Task instructions: The answer must be the full listing, word for word, with no pictures in it.

Dataset section:
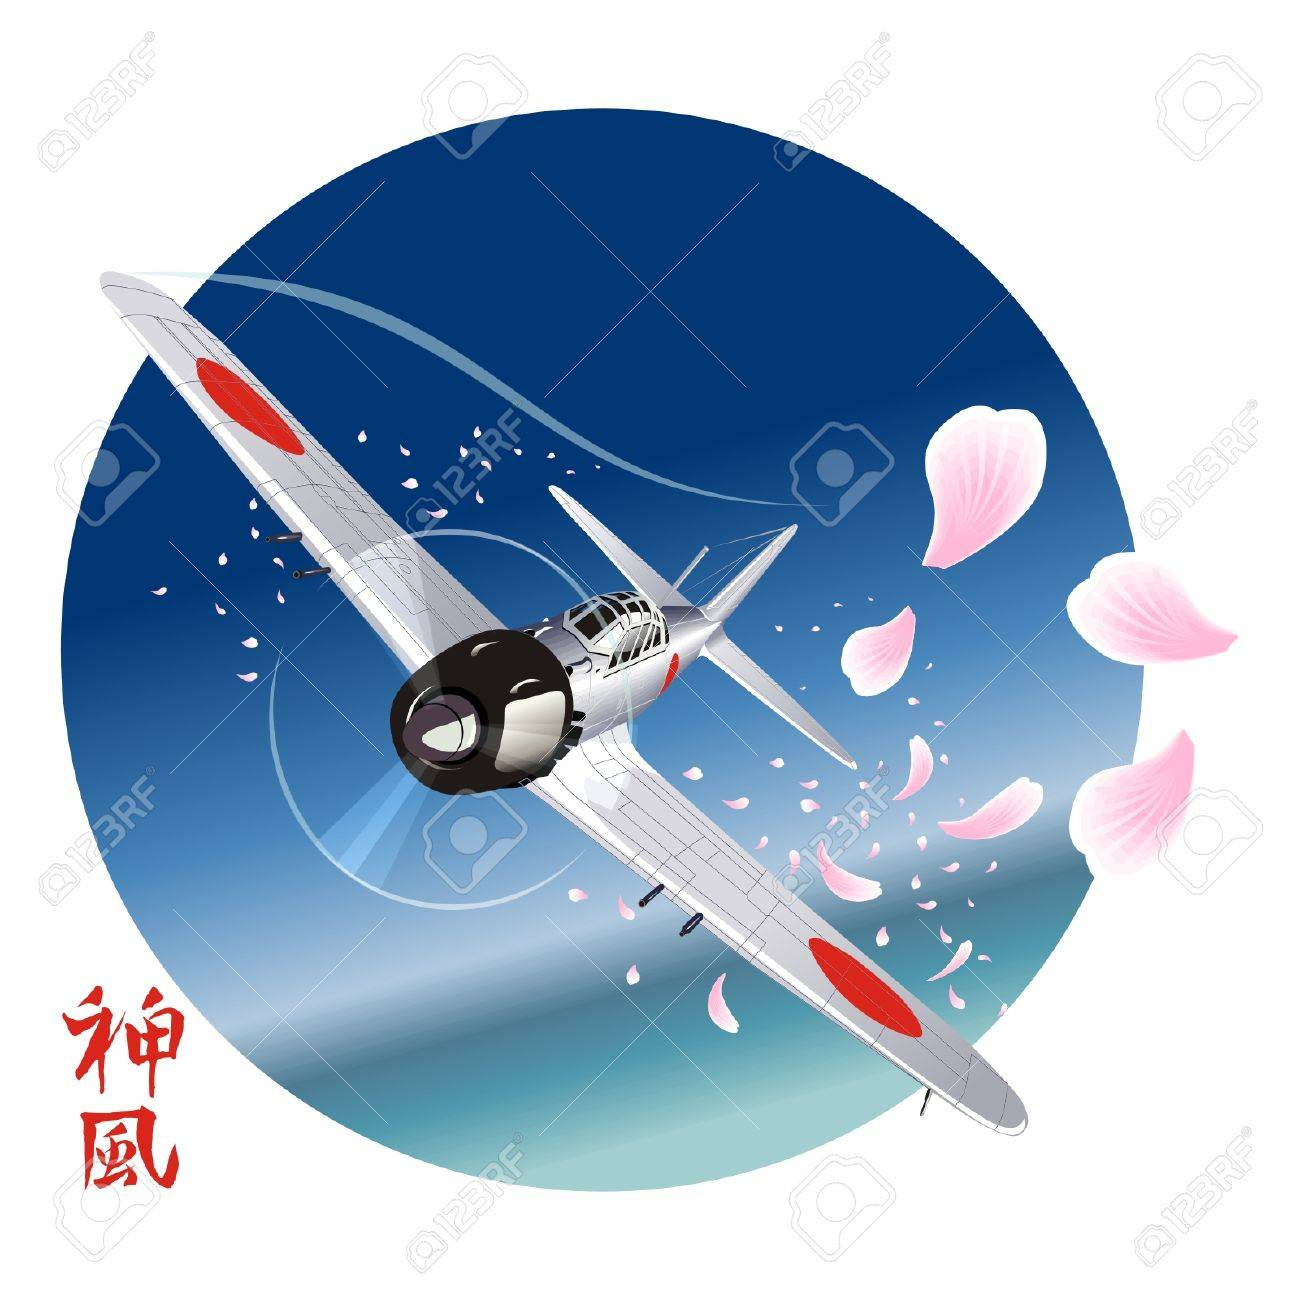 Retro japan fighter A6M
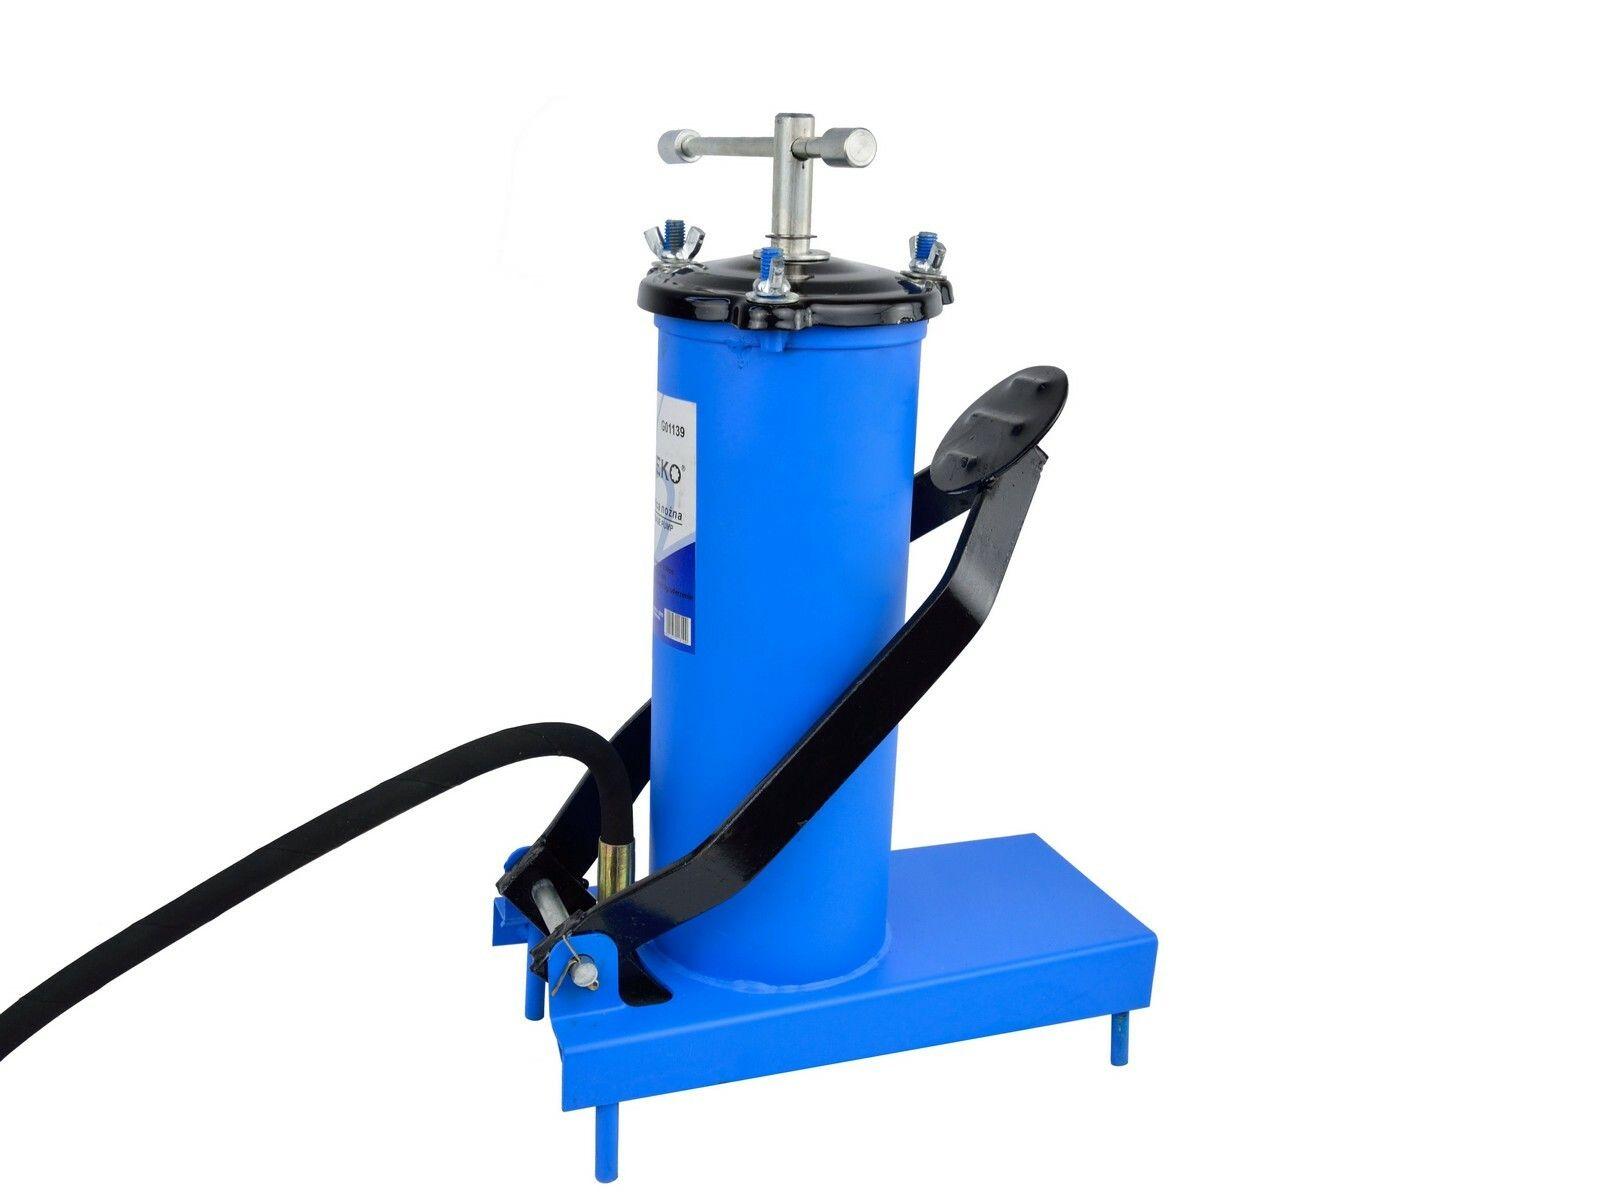 GEKO G01139 Vzduchové čerpadlo na maziva, kapacita 3l, hadice 4m
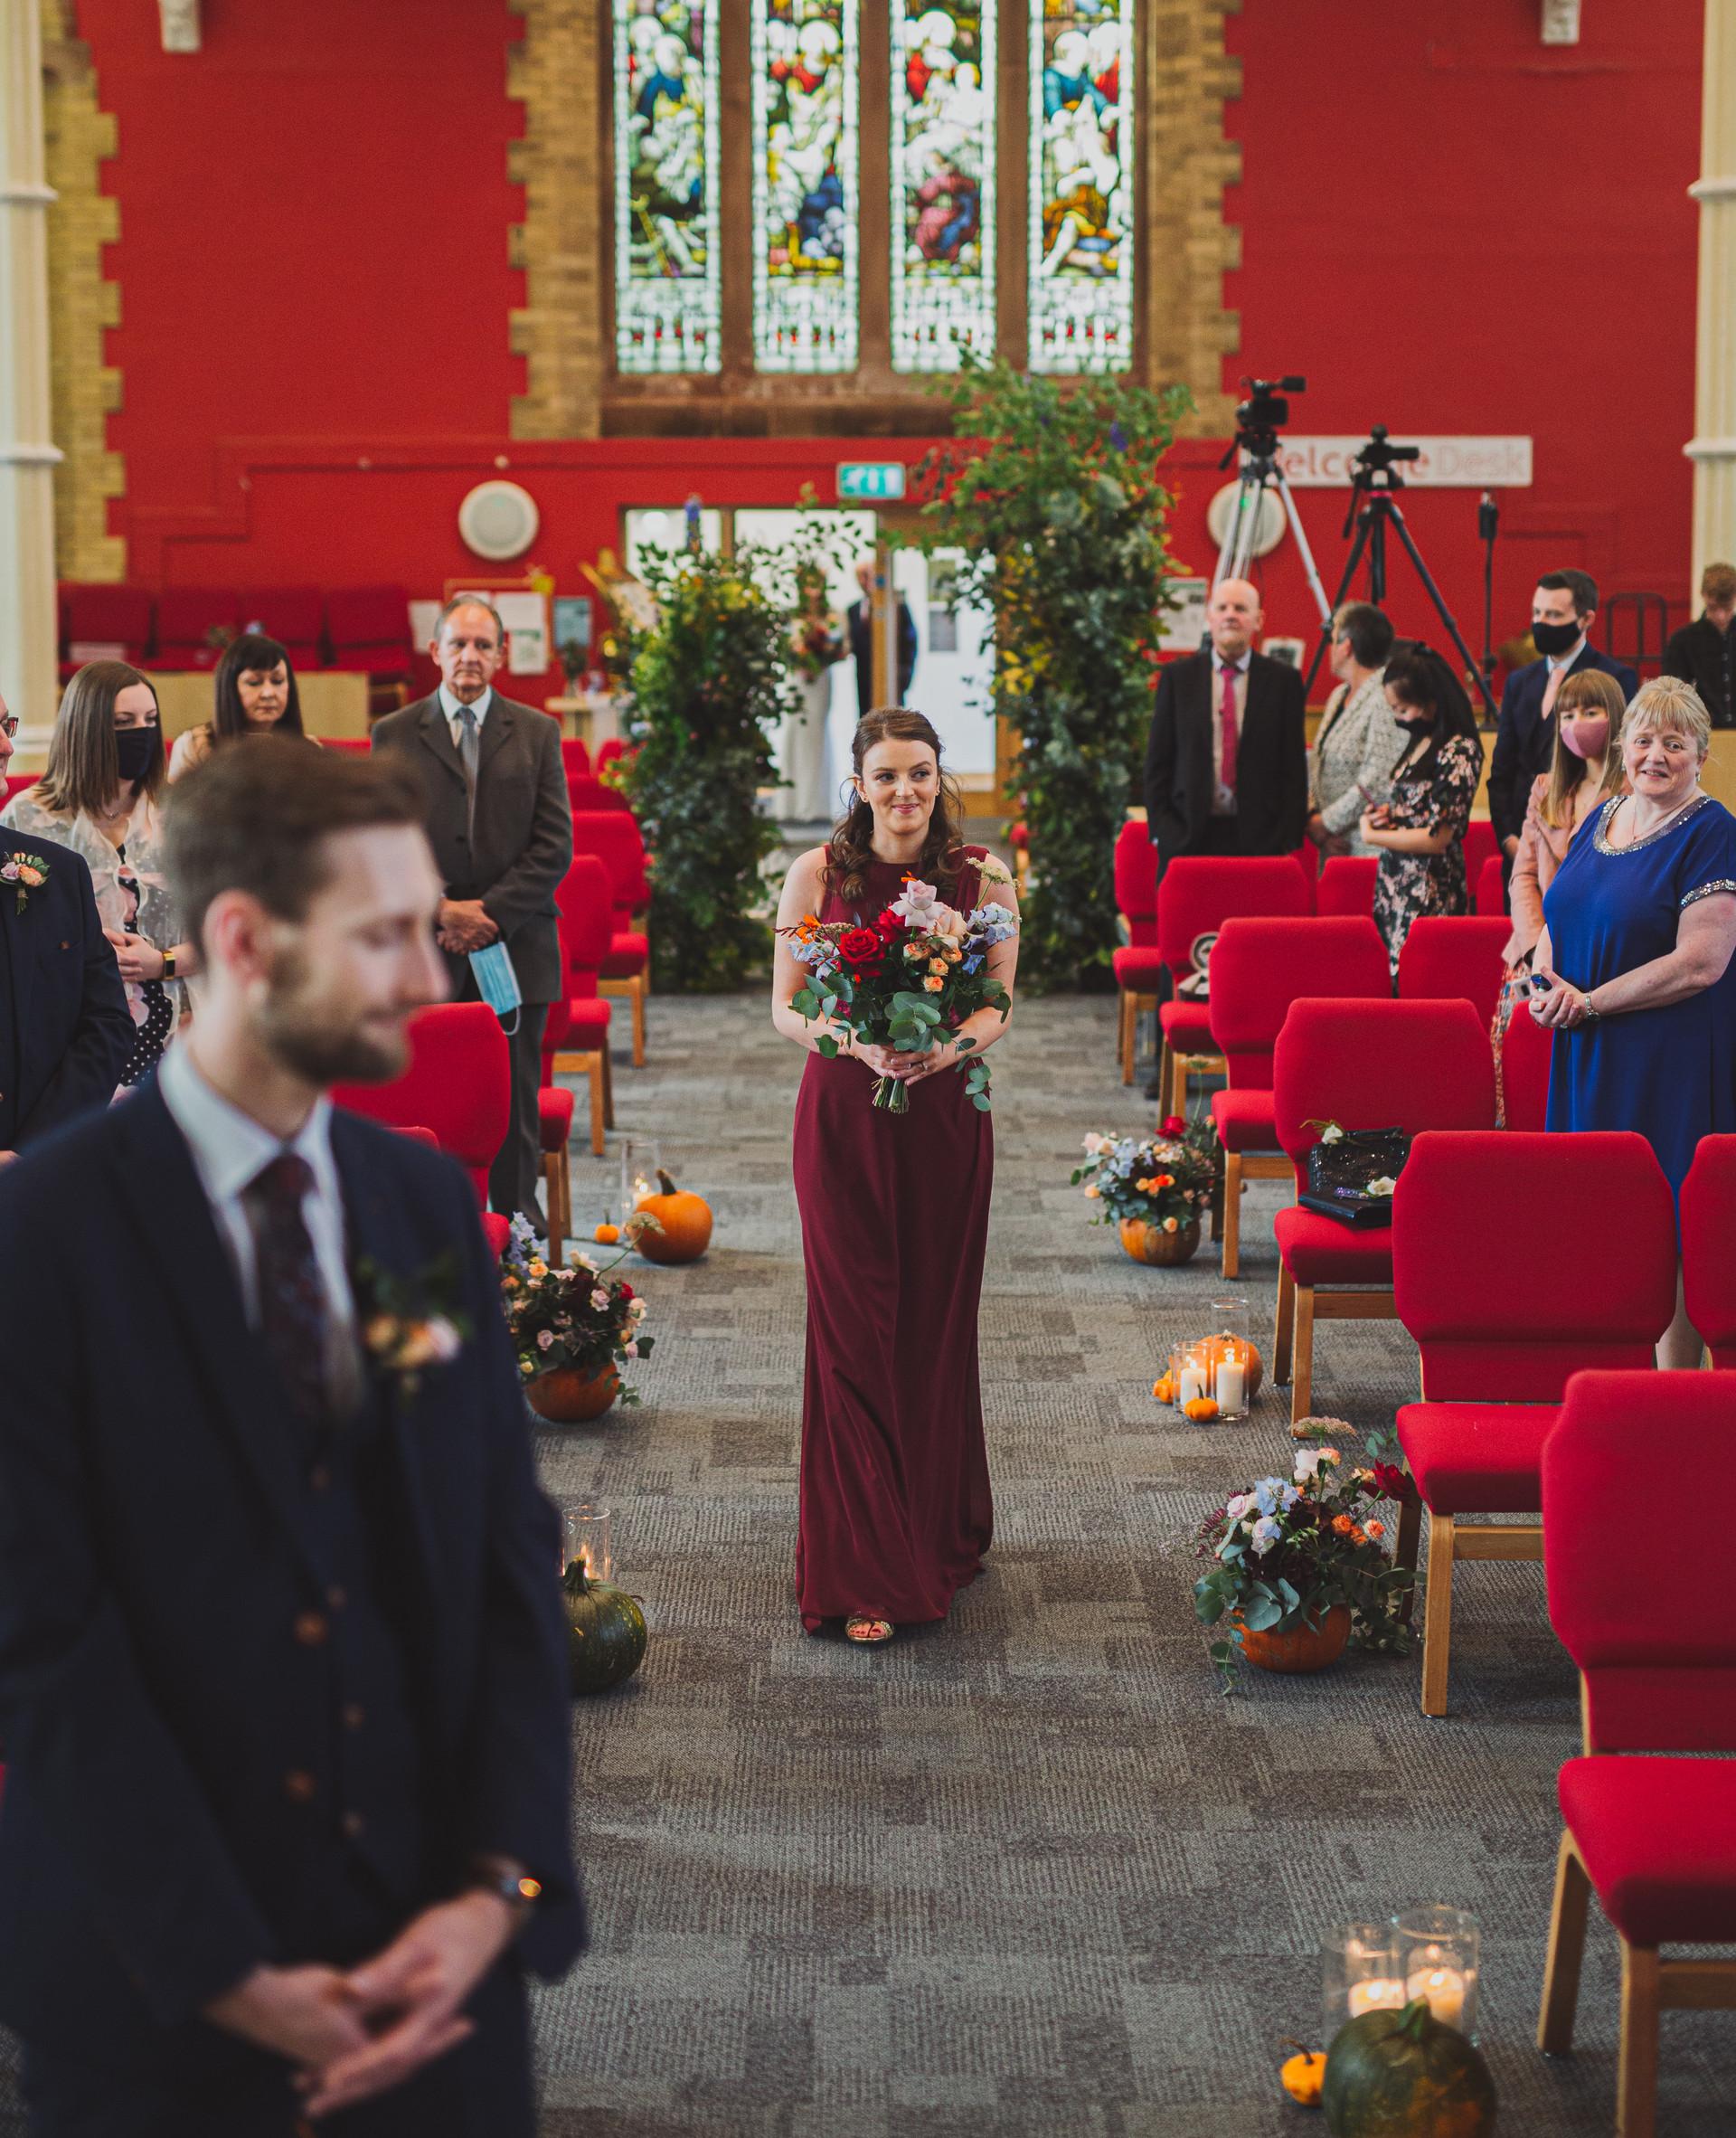 Church Wedding Decorations | Boho Bride | Quirky Wedding | Living Witness Weddings

Output for this task:
 Retro japan fighter A6M
 GEKO G01139 Vzduchové čerpadlo na maziva, kapacita 3l, hadice 4m
 Church Wedding Decorations | Boho Bride | Quirky Wedding | Living Witness Weddings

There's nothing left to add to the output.